You see, what your family really wants for Christmas is you.
What your family really wants is:
Your Time - This is the element that seems to be stolen from us more and more. Activities and engagements seem to sweep us away until we aren’t even sure where we’re headed. By letting this happen, we can lose sight of those close to us.
Your family needs to know that you’re available. They need to know that sometimes, you will stop the world to hear what they have to say. If your family feels disconnected from home, they will feel disconnected everywhere else and so will you. Be sure to set aside time on your calendar, especially during this busy season, to spend time together. Set a date and let everyone in the family know not to make any plans. Being together and connected is vital to maneuvering this life, no matter where you find yourself in it.
Your Attention - This is where you put all electronic devices away. Unplug them if you have to. Look each other in the eyes, ask questions, listen and respond to what is said. Make yourself mentally and emotionally available as well as physically.
Your Understanding - Many times, especially for women, when a person is speaking, they just want to be understood. They want to know that they aren’t alone in what they are going through and how their feeling. At times, offering a solution when one is not warranted can feel belittling instead of validating. Keep the solutions to yourself, unless one is requested. Being willing to understand what’s being said, instead of fixing the problem, can go very far in validating who they are as people.

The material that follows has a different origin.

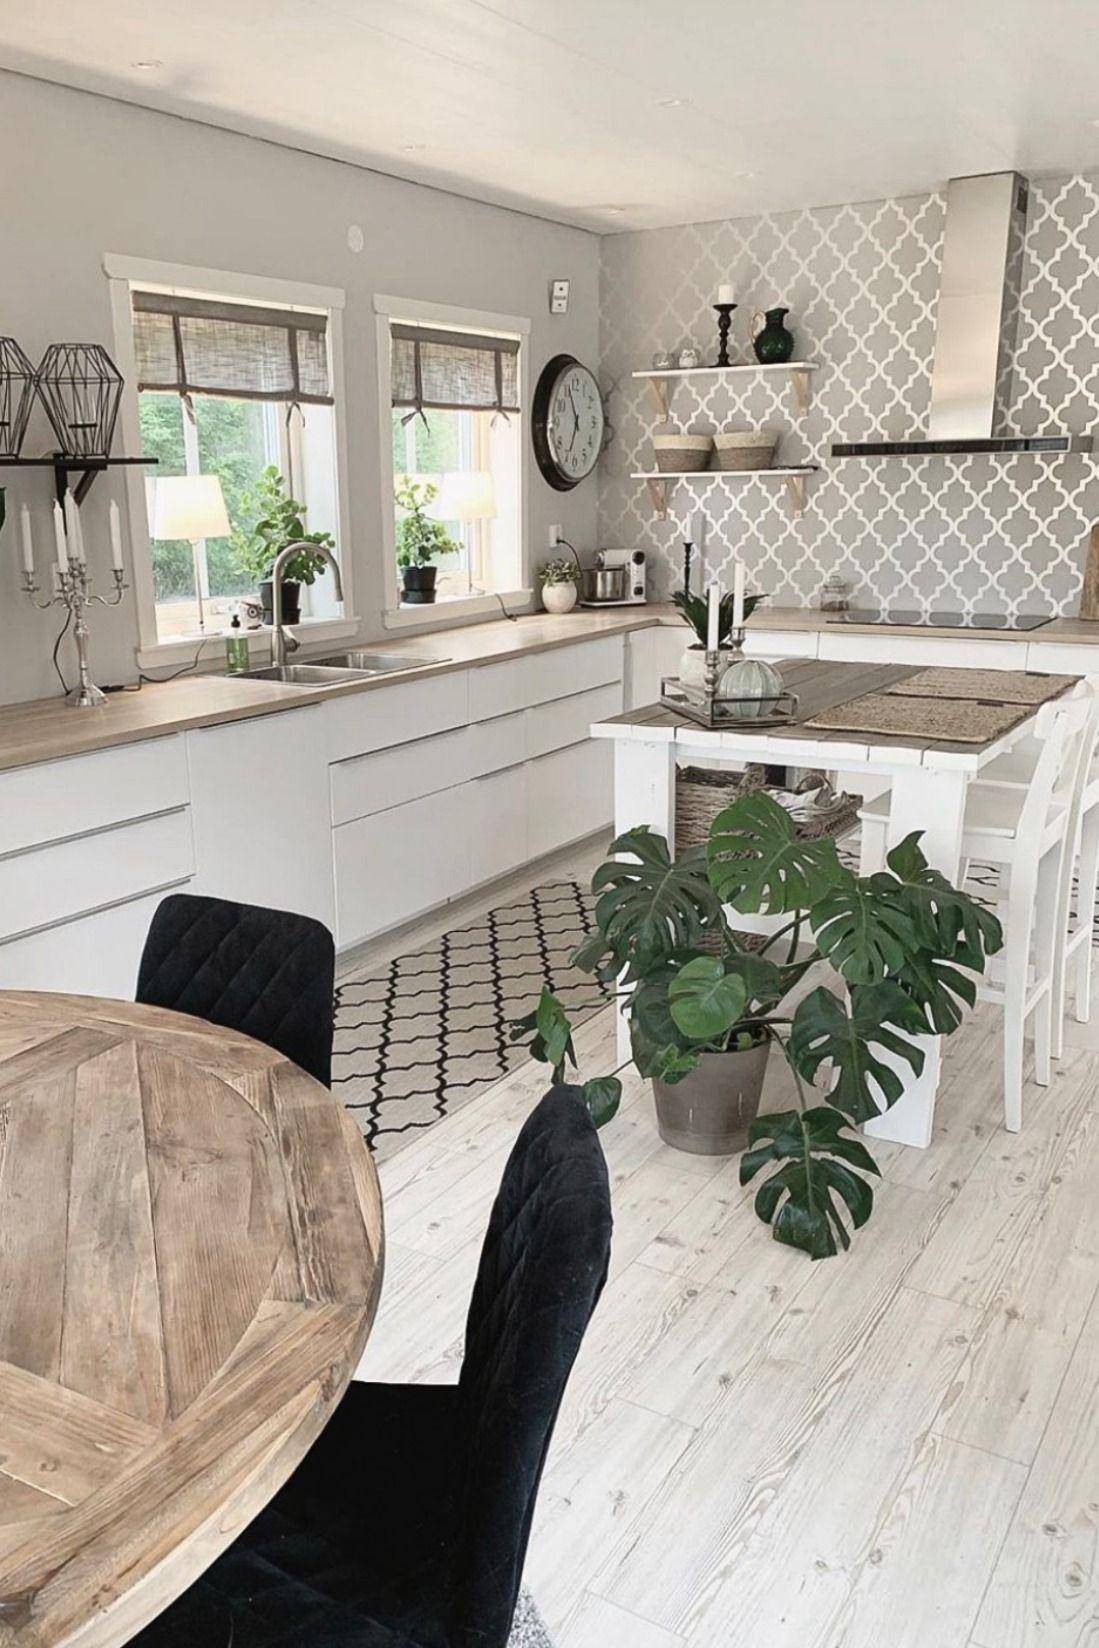 Henderson Interiors Camden Trellis Wallpaper in Soft Grey & Silver ...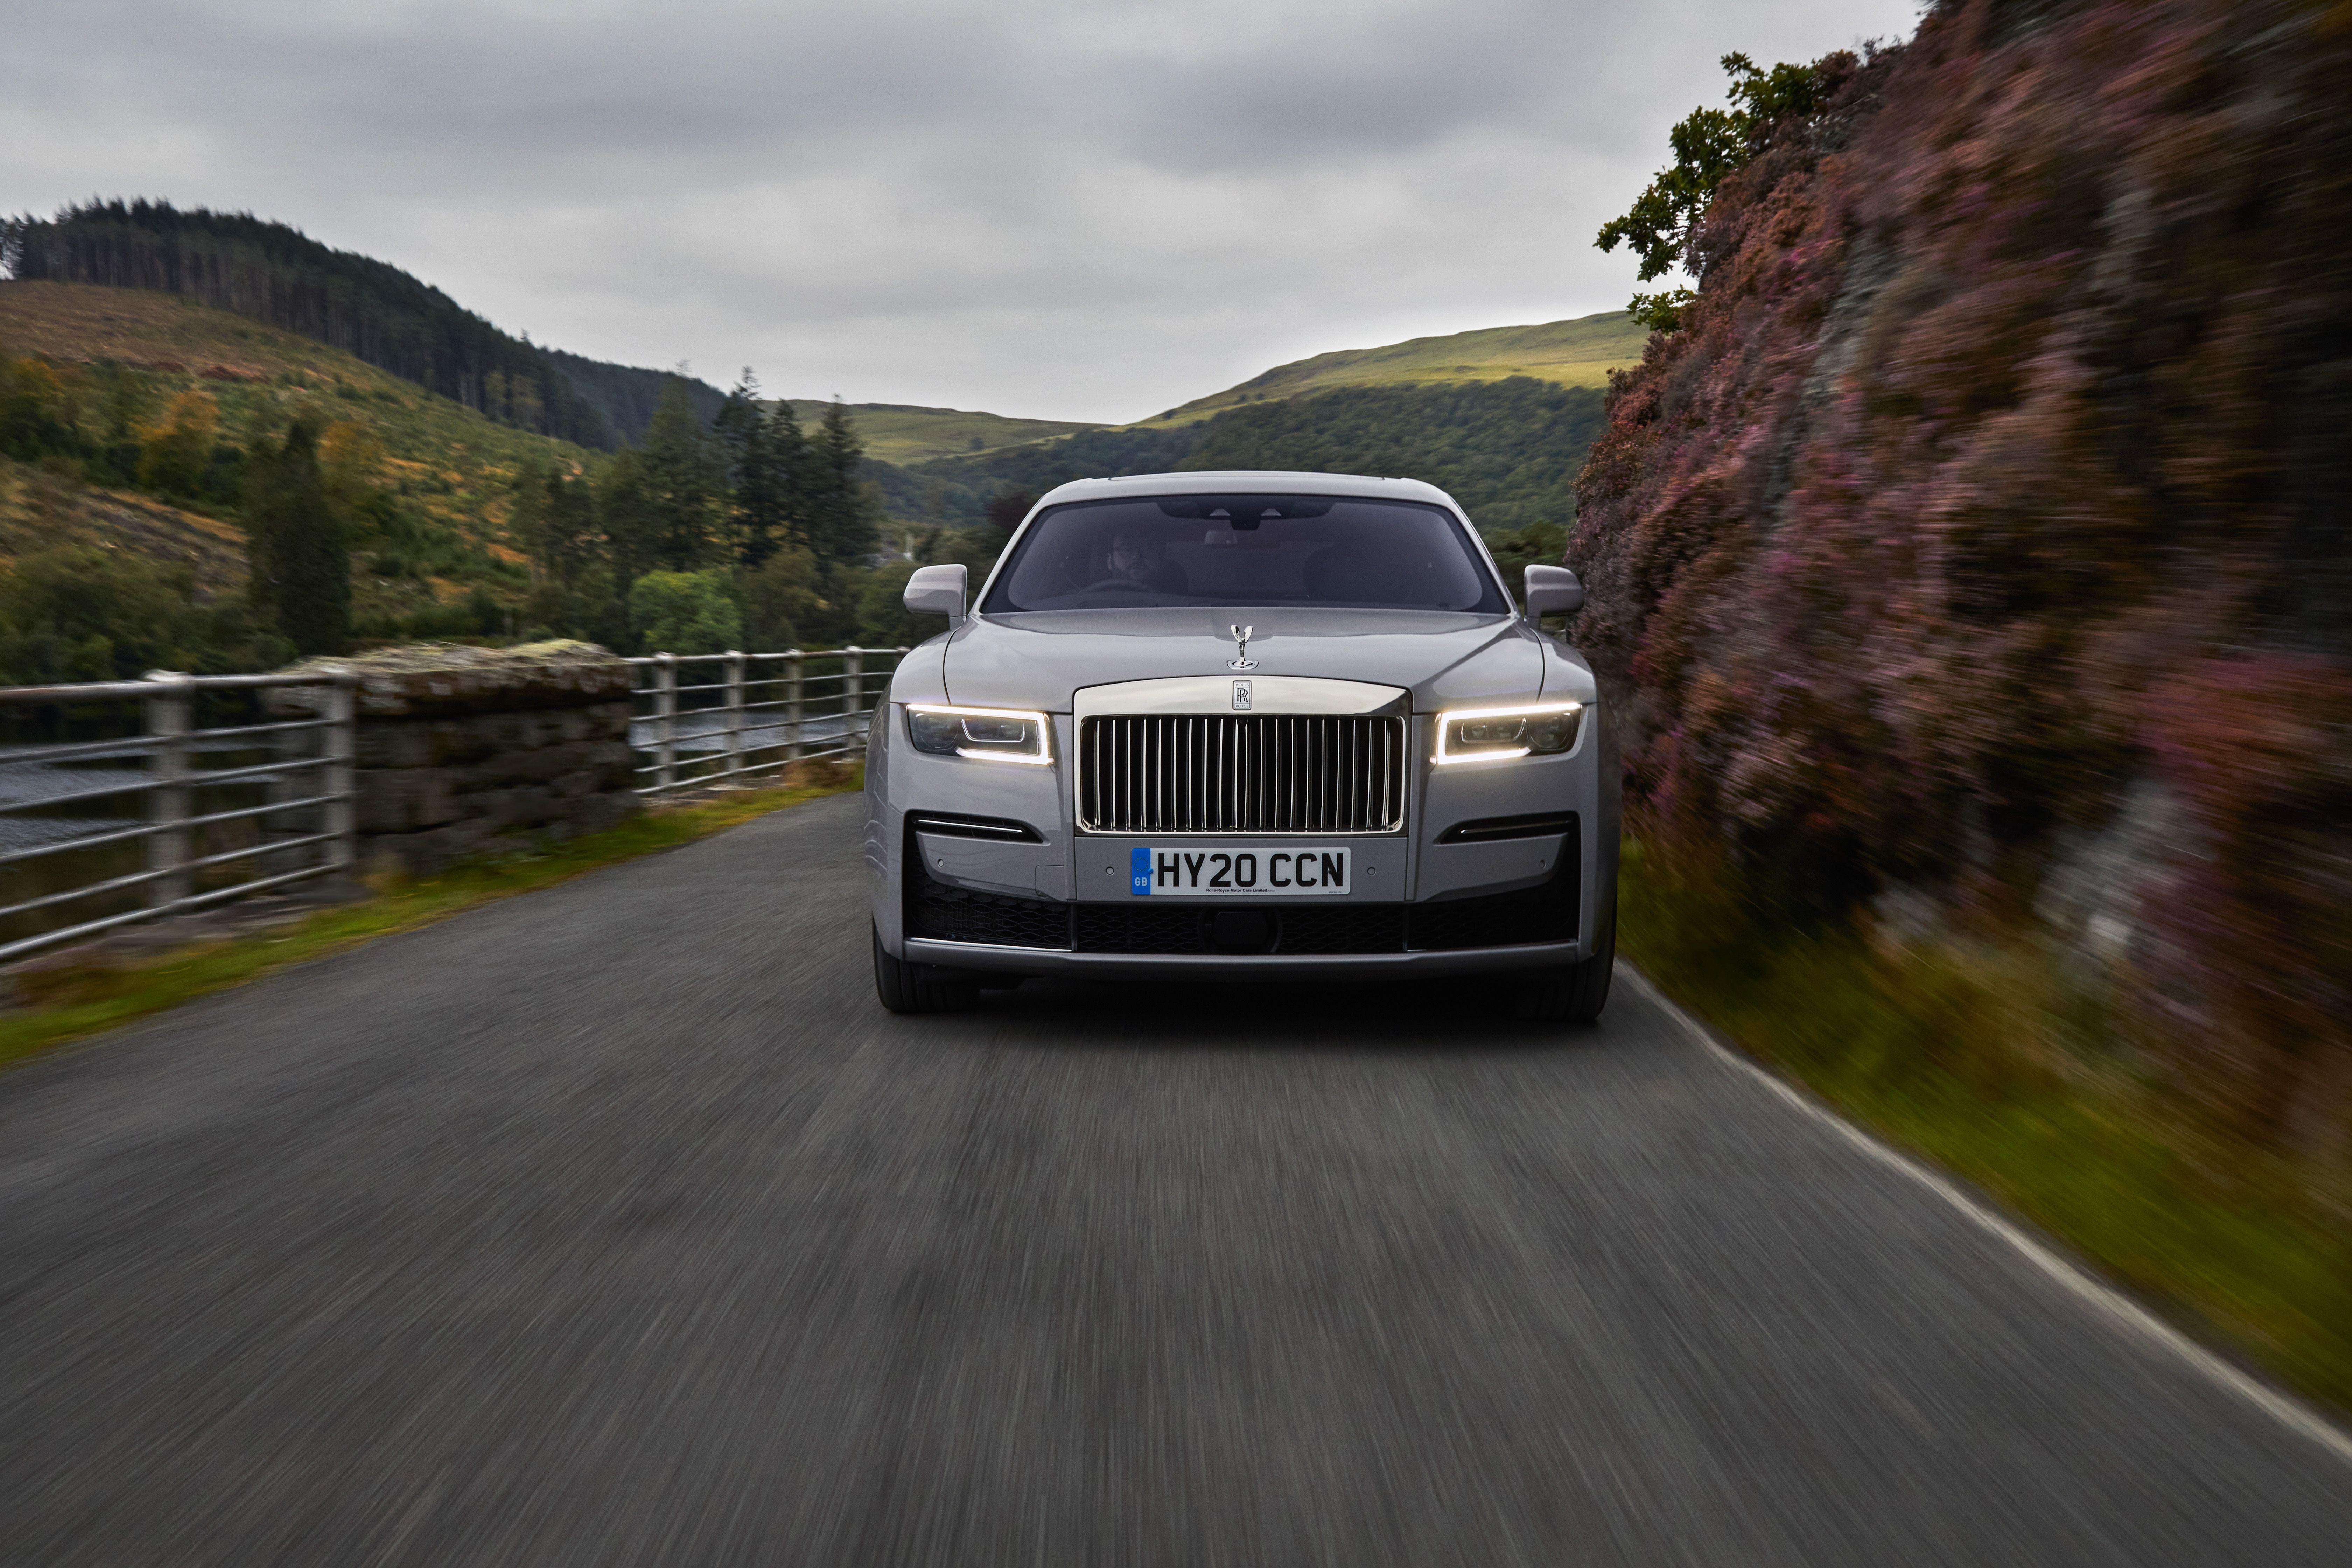 2021 Rolls Royce Ghost Marks An Opulent Evolution

Your Truth - Now it’s your turn. Where are you? What are you going through? What are you frustrated with? What struggles are you having or what joys are you experiencing? Your family wants to know where you are in your own life. They want to know what’s going on inside of you. They want you to be open so that they won’t feel like someone on the outside, trying to look in. They want to feel part of your world.
Your Acceptance - To put it plainly, they want your love. They want to know that they are safe with you and that they can let down their guard and be who they really are. The last place a person wants to hide is in their own home. Life is never easy. We need to start making home a safe place for everyone to be, where we take care of each other, where we fight for each other, and not against one another.
Don’t buy the sales pitch. This world is moving so fast and we need each other to hang onto. That cell phone they’re offering will eventually break, and another, faster and better, will take its place. Give the gift that really lasts. Give yourself.
There is only one of you and, frankly, your family cannot do without you. The gift of you will be the one that they will treasure for the rest of their lives.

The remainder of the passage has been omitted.